More patients with the dexamethasone implant plus laser achieved a two-line gain in visual acuity than with laser alone; after 9 months this difference was no longer statistically significant (Figure 4). Best corrected visual acuity improved more in patients with diffuse DME who received the implant plus laser vs sham plus laser over 12 months. Areas of leakage and retinal thickness decreased more in patients receiving dexamethasone and laser than those receiving laser alone. The anatomic response showed somewhat of a seesaw appearance in retinal thickness that requires further analysis. The safety profile of the device was excellent, with 1.0% of patients at month 12 experiencing elevation of IOP by 10 mg Hg or more. No patient required surgery for IOP management.

CHAMPLAIN14 is an open-label phase 3b trial of the dexamethasone implant for the treatment of DME in vitrectomized patients. This trial includes patients with some very sick eyes, eyes that have had not only vitrectomy but also usually IVTA and other drugs (Figure 5) and that still have persistent DME.
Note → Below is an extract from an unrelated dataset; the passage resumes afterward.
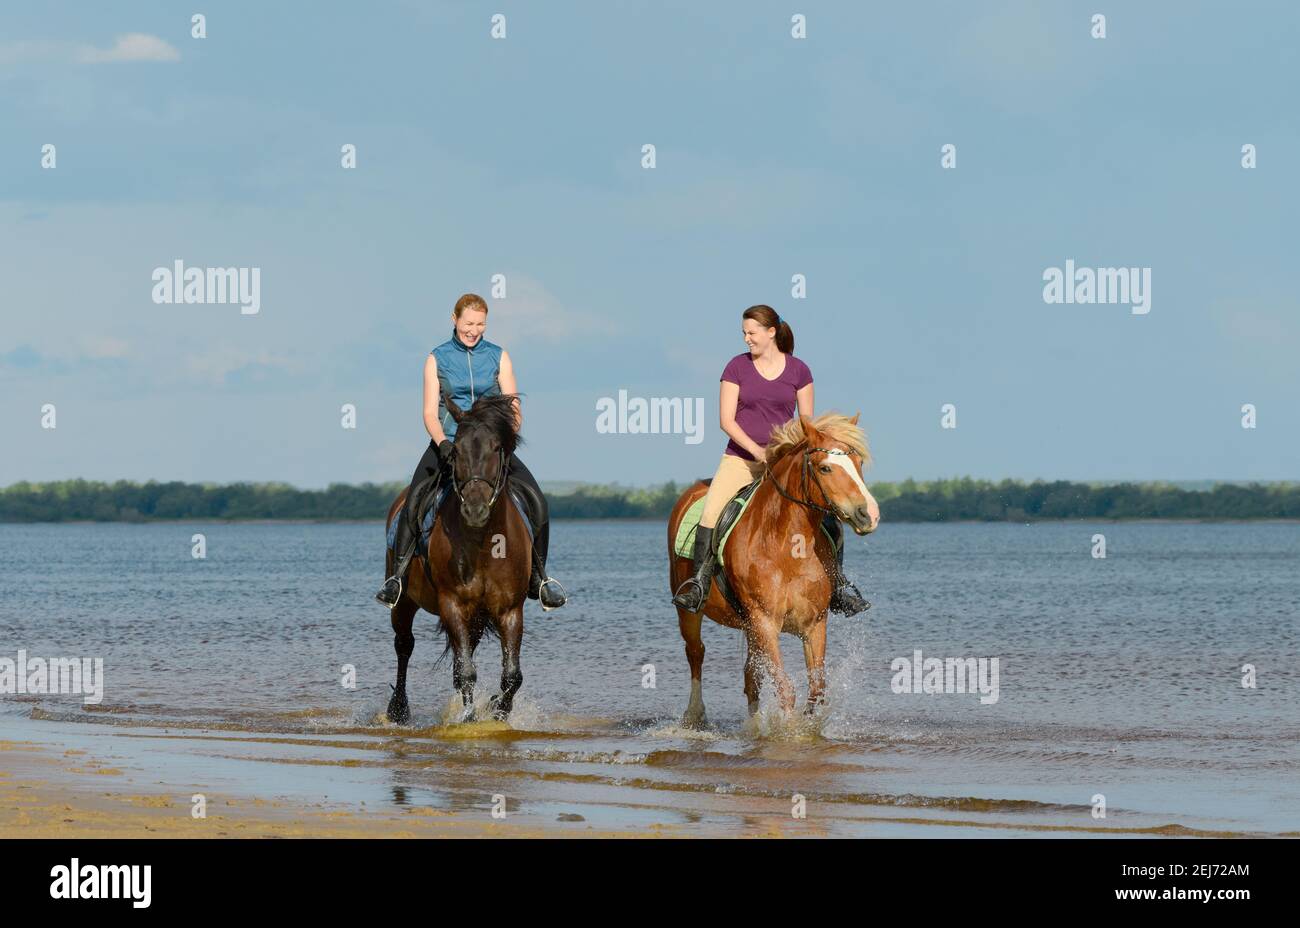 Deux femmes sont à cheval sur l'eau. Deux motards riant sont en plein air. Banque D'Images

In this 26-week trial, patients received a single injection of the dexamethasone implant. At weeks 8 and 13, approximately 30% of patients had an improvement of at least 2 lines of visual acuity, which was paralleled by a decrease in retinal thickness. The safety profile in these sick eyes was also very good, with no laser or surgery required for control of IOP.

CONCLUSIONS

Macular edema in diabetes is a multifactorial process, and it requires management that addresses the various aspect of its etiology. Steroids therefore have a theoretical advantage in rationale because they address more than one mechanism in the pathology of the disease.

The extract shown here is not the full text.